Anyhow, let's keep kicking these ideas around.

asfimport commented 8 years ago

Robert Muir (@rmuir) (migrated from JIRA)

I think most of the logN solutions are too tricky: of course if we can implement one for 2D and it outperforms this, we can throw this stuff out for it.

But the logN datastructures i looked at involved tricky calculations (and I don't want to introduce error): whereas this one is doing "obviously" the same thing as the slower versions it replaces: since the optimizatation is only based on comparisons, which are exact, and its the same comparisons the slow versions do in the iteration of each loop.

I also have the concerns about those complicated logN datastructures introducing a high overhead (echoed here in "Faster Tests": http://erich.realtimerendering.com/ptinpoly/) that might mean they are impractical. Another thing i really am trying to keep is "one codepath" without specialization for different types of polygons in any way. This makes it easier to understand what the adversaries are.

We just have to keep in mind this stuff here is still linear time, but I think its a practical improvement. So maybe there is a similar more 1980s approach for geo3d that is "good enough" but not too complicated there as well.

asfimport commented 8 years ago

Robert Muir (@rmuir) (migrated from JIRA)

I added minor cleanups and comments to make this less sandy.

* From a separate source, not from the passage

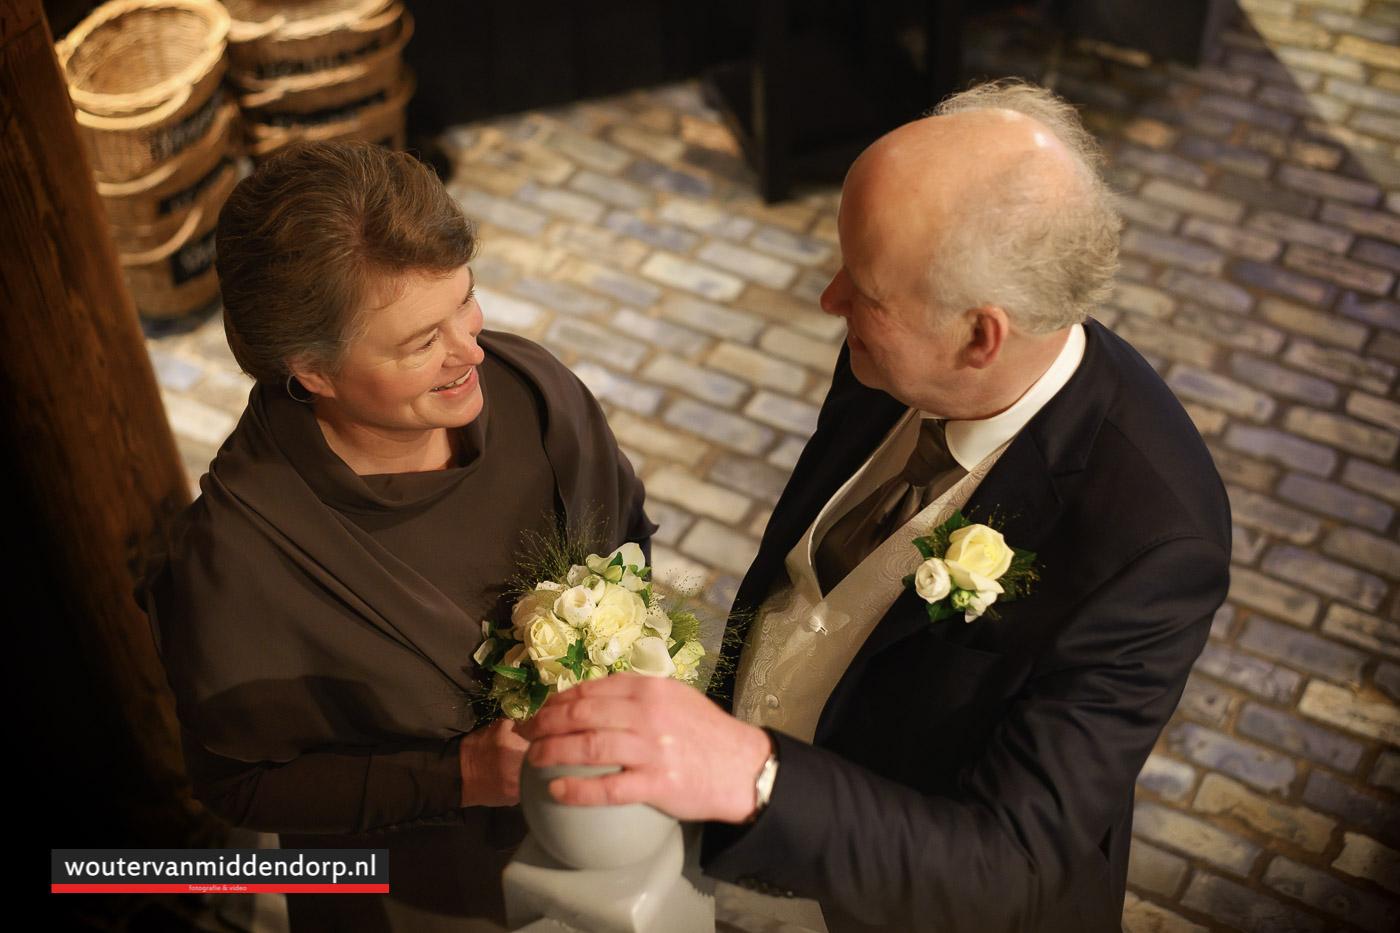 bruidsfotografie Wouter van Middendorp Uddel Elspeet Barneveld, omgeving trouwfotograaf-18

Its passed 100 beast rounds. I will test some more and get it in jenkins and followup with other improvements.

asfimport commented 8 years ago

Robert Muir (@rmuir) (migrated from JIRA)

Just as a followup: the still-sluggish performance of the synthetic polys in the benchmarks here versus the "real" ones is mostly due to the actual luceneutil poly generation code in the benchmark itself: this is very slow. I will try to fix it so we can have a better understanding of when/where/how things degrade.

asfimport commented 8 years ago

Michael McCandless (@mikemccand) (migrated from JIRA)

Ultimately, I think we should just yank the slower polygon support out of Polygon.java, make it a pure holder class.

+1

asfimport commented 8 years ago

Chris M. Hostetter (@hossman) (migrated from JIRA)

Manually correcting fixVersion per Step #S5 of #8326

FWIW: This issue has no commits linked in comments, so I'm only assuming "fix=6.0" should be replaced with "fix=master" based on the timeframe the issue was created/resolved in.